Postby Soupspoon » Mon May 07, 2018 11:47 am UTC

(@OP. Not responding to the above response, and certainly not arguing against it.)

Within the room the light goes at SoL relative to the room from 'back' to 'front' (with the apparent conceit that you know you're moving past something, albeit steadily). You can't see it set off, because the light you'd see the setting off by would be going the same speed and you can only see that it reached the other end because of light that has to come back from the end, which is itself only capable of getting back to you at SoL. But perhaps you stand to one side and watch as signs of the light are indicated at two points making up an isoscelese triangle (both delayed equally), if you can trust the geometry.

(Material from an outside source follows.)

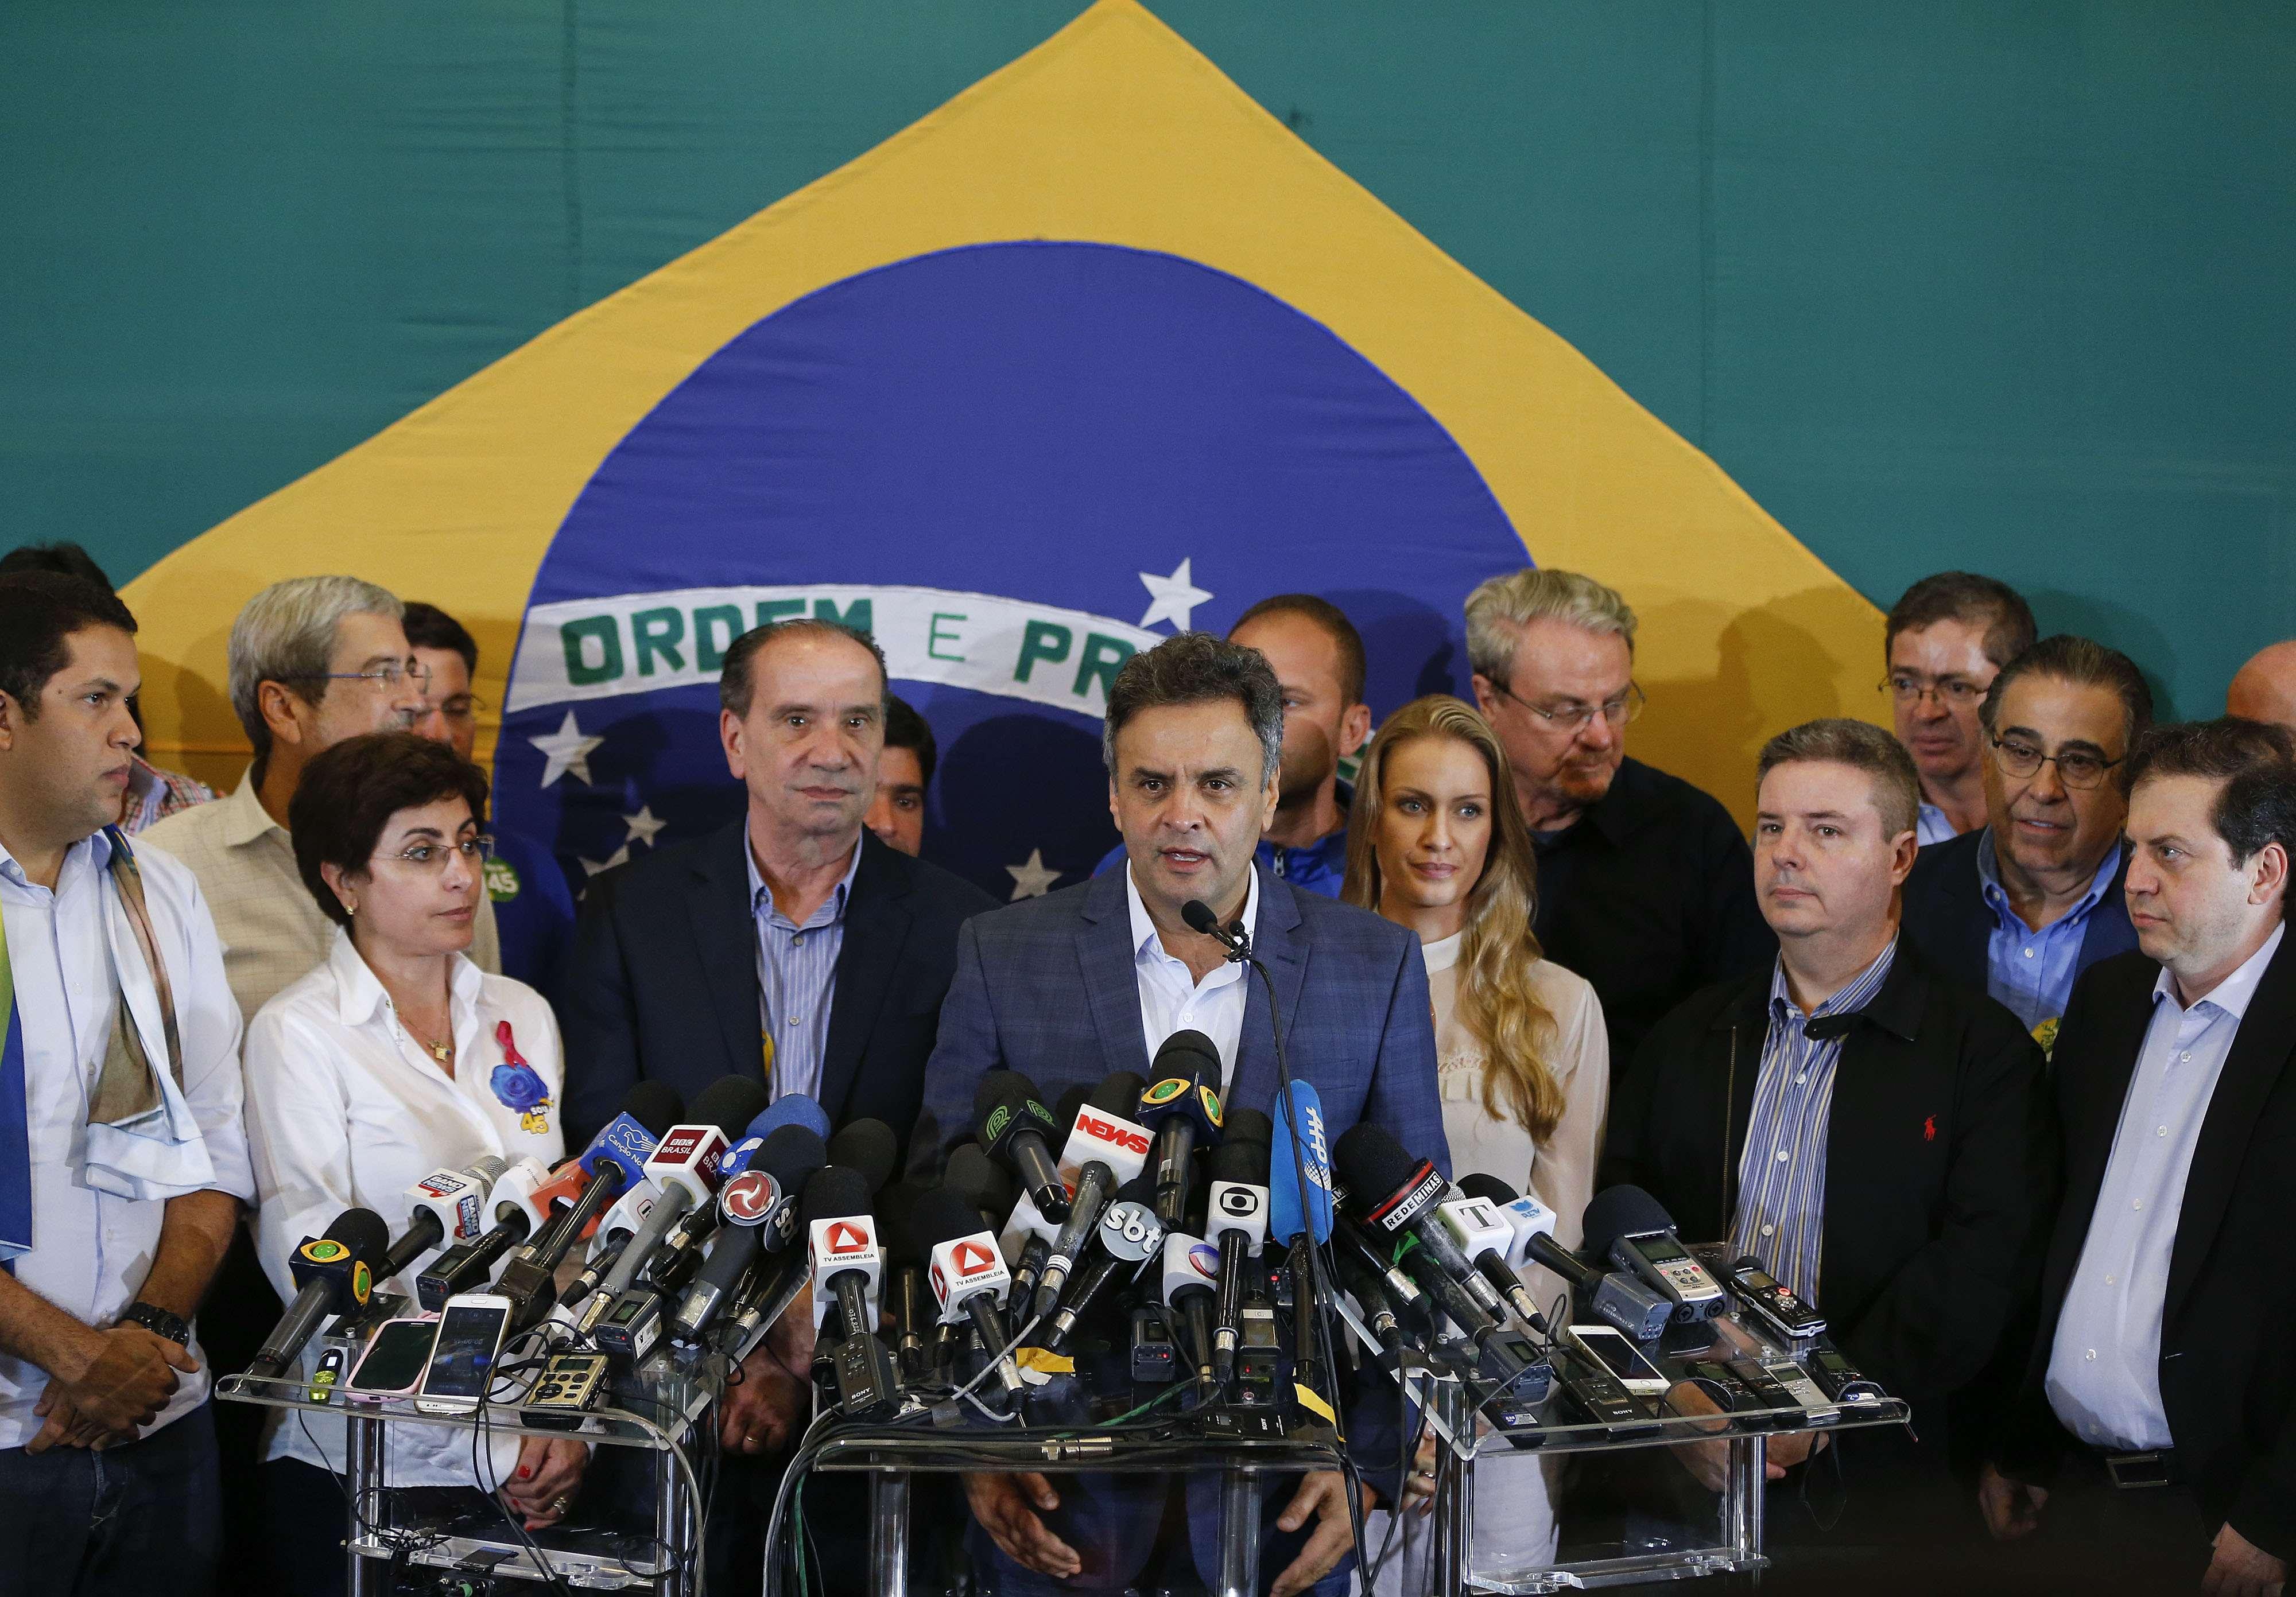 """O candidato a presidente derrotado no segundo turno, Aécio Neves (PSDB), foi recebido antes de seu primeiro discurso após a divulgação do resultado sob os gritos de """"Aécio guerreiro, orghulho brasileiro"""". Ele afirmou que ligou para a presidente reeleita, Dilma Rousseff (PT), lhe desejou sucesso e lhe disse que """"a maior de todas as prioridades deve ser unir o Brasil em torno de um projeto honrado e que dignifique a todos os brasileiros"""". Foto: Andre Penner/AP"""
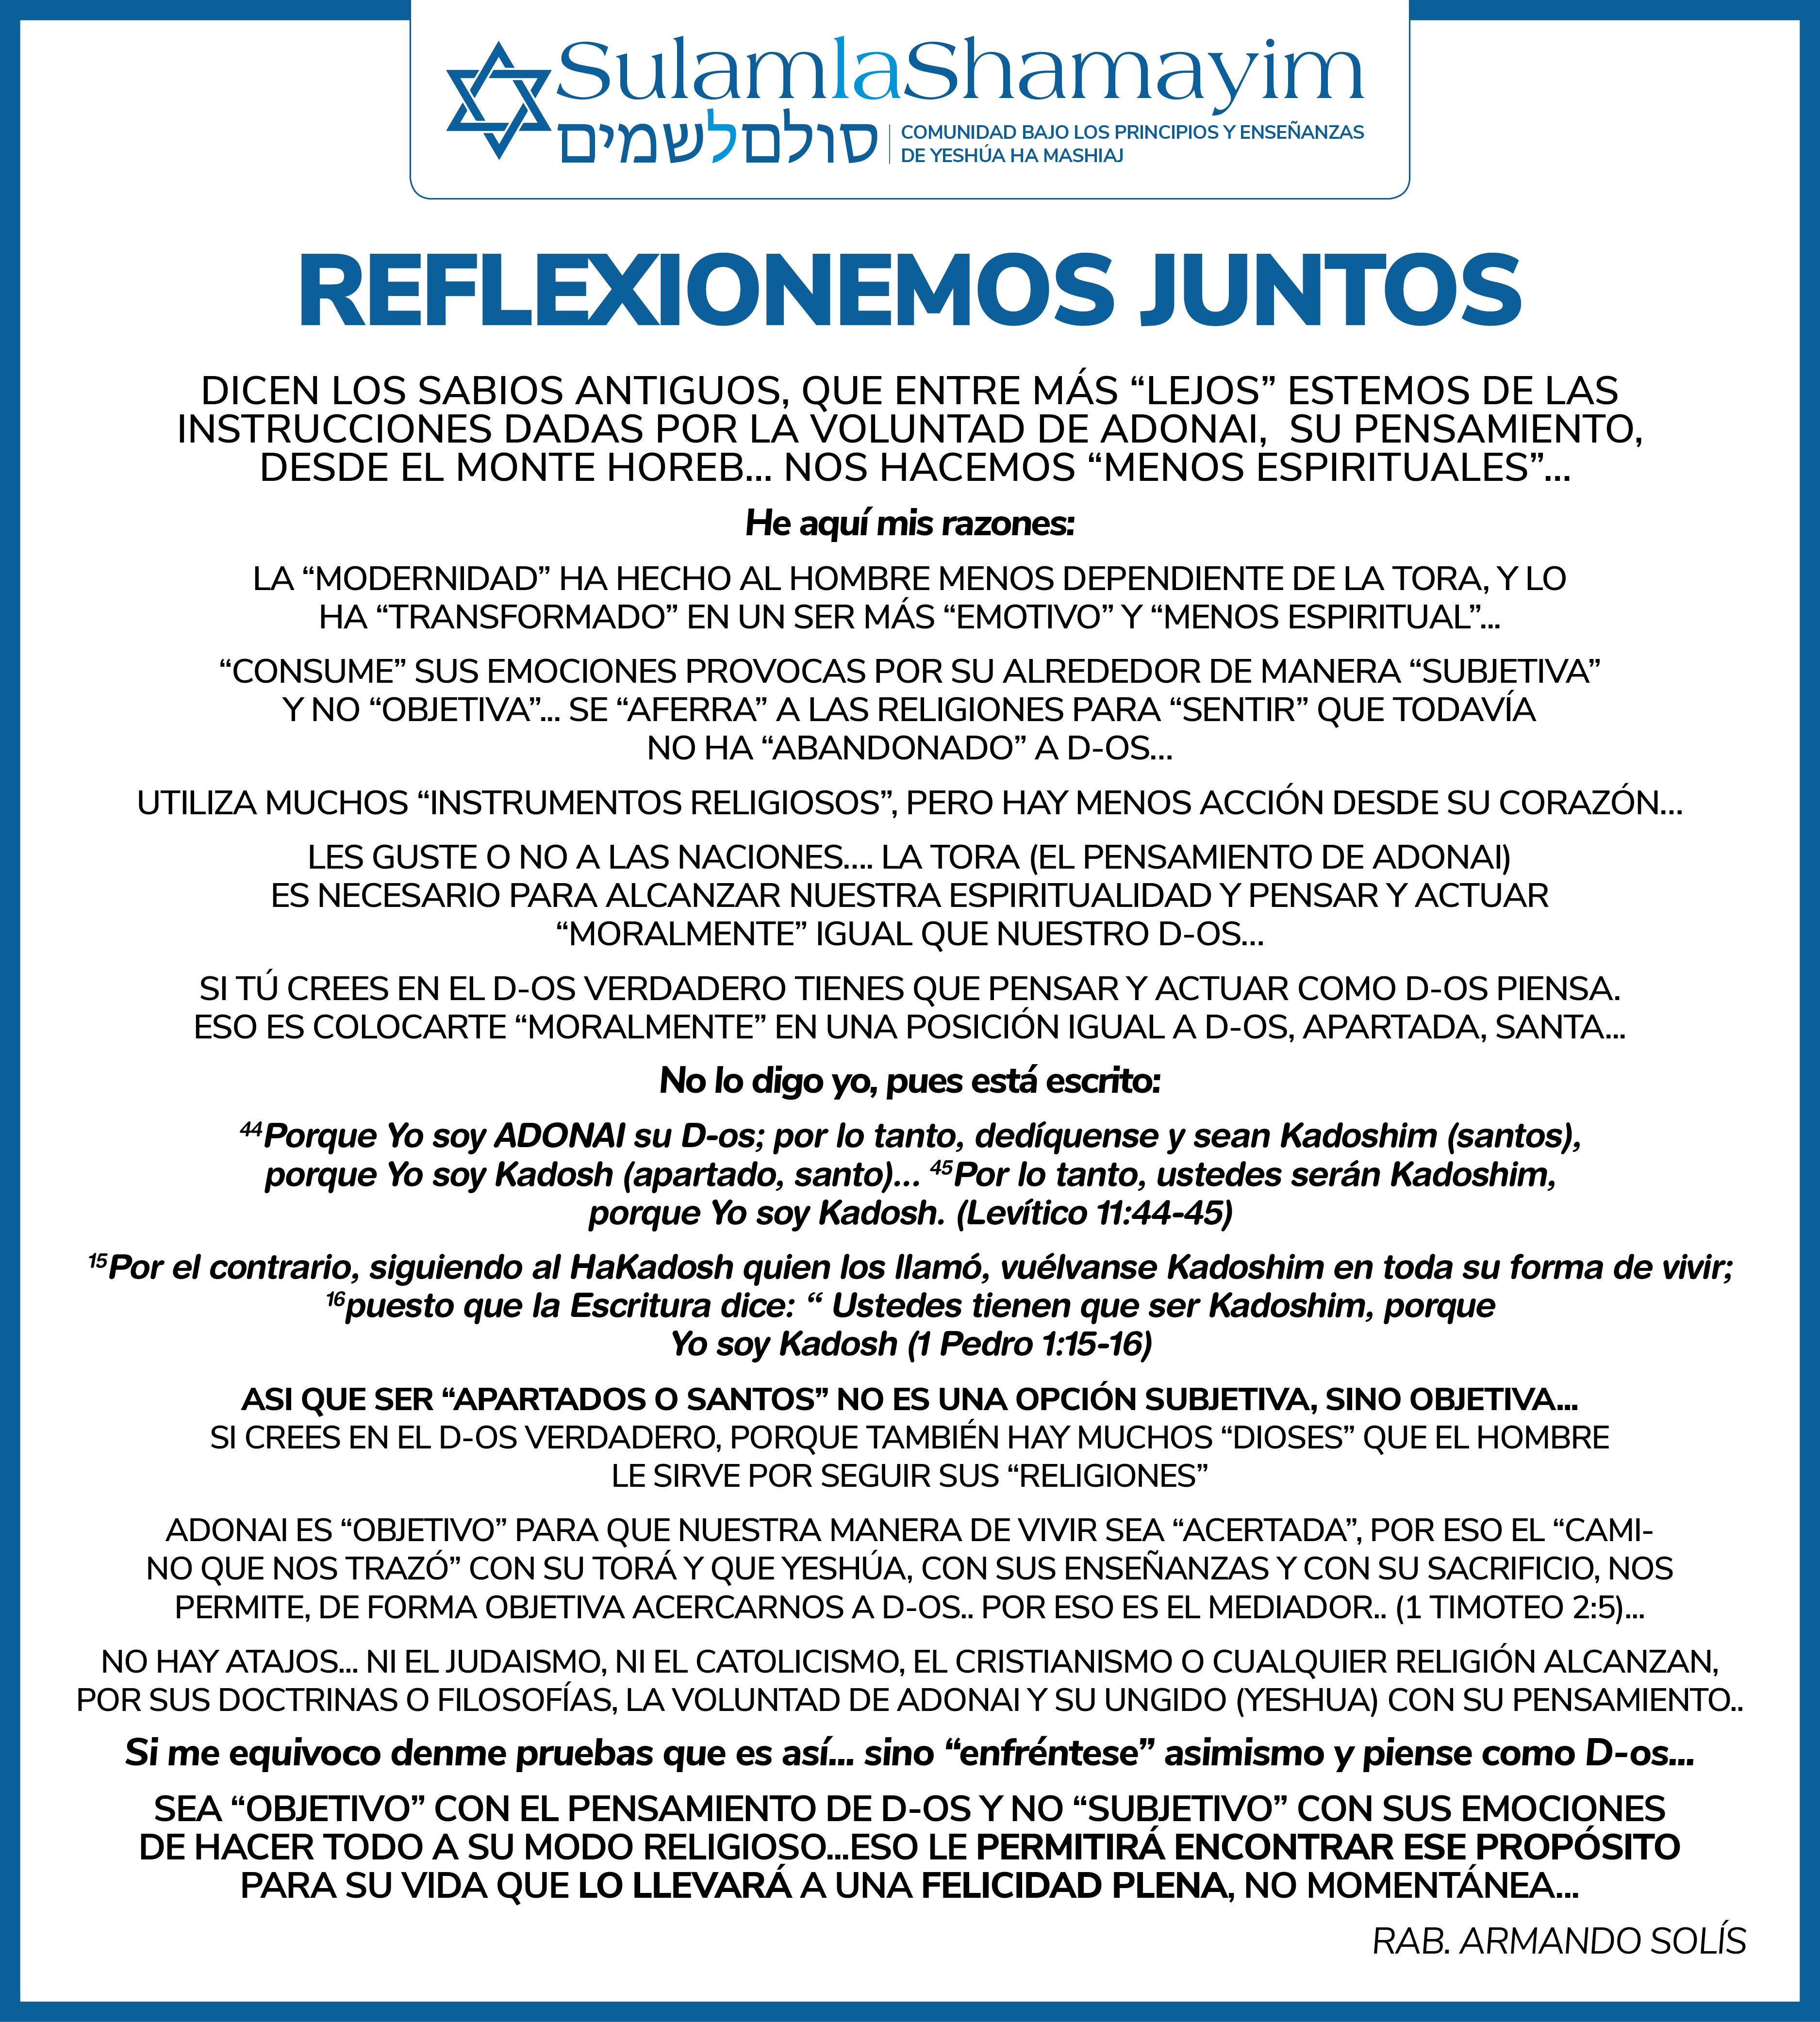 DICEN LOS SABIOS...

The same result happens when bouncing from 'front' to 'back', noting your ultimately arbitrary labelling of 'front' and 'back' upon your expectation that something that you see moving about outside your room 'must be' stationary, but is no more definitely stationary as any other constantly passing object (back to front, front to back, side to side, top to bottom, etc), and as long as you don't feel acceleration yourself then you have no better 'stationary reference' then yourself, howeverso the universe whizzes about outside your strange vanity room.

An observer outside the room (upon one or other of the objects you might improperly designate as 'stationary') will see the same symmetry of light passing in a similar isoscelean measurement (whether looking in through long picture-windows all down the side of the room or at light let escape from its mirrored-entrapment through front/back windows) but then you must realise that the unequal side of this new isosceles triangle is different from the one you use, because while you are waiting for the light to get between the point slightly to your 'forward' to the point slightly to your 'rear' (or vice-versa) the external observer sees both of your fore and aft points move in the direction they (and only they) see you moving, meaning that your observation-triangle is not (to them) isoscelean, but a skewed scalene variation. Amongst other distortions. They see 'your' light going forward take longer to go from the pursuing rear end to the fleeing front end slower than the light returning from the departing front end to the approaching rear end. Something that makes no sense to you, but then there's all kinds of things that you can't agree on, with the mutual velocity difference, including how long a full 'tick' takes (a full circuit of bounce, via both ends), the actual distance between the ends and what the wavelength of light is at any particular time (red/blue shift). The last bit includes the Doppler effect, but all has elements of Relativity. And neither you nor they will agree with the alternative 'stationary' observers you could have chosen, for whom your isosceles will be differently skewed as they pick their own way of checking that light bouncing in one direction (whatever direction that is, for them) is going the same speed as the light on the return path (whatever that opposite direction is, for them).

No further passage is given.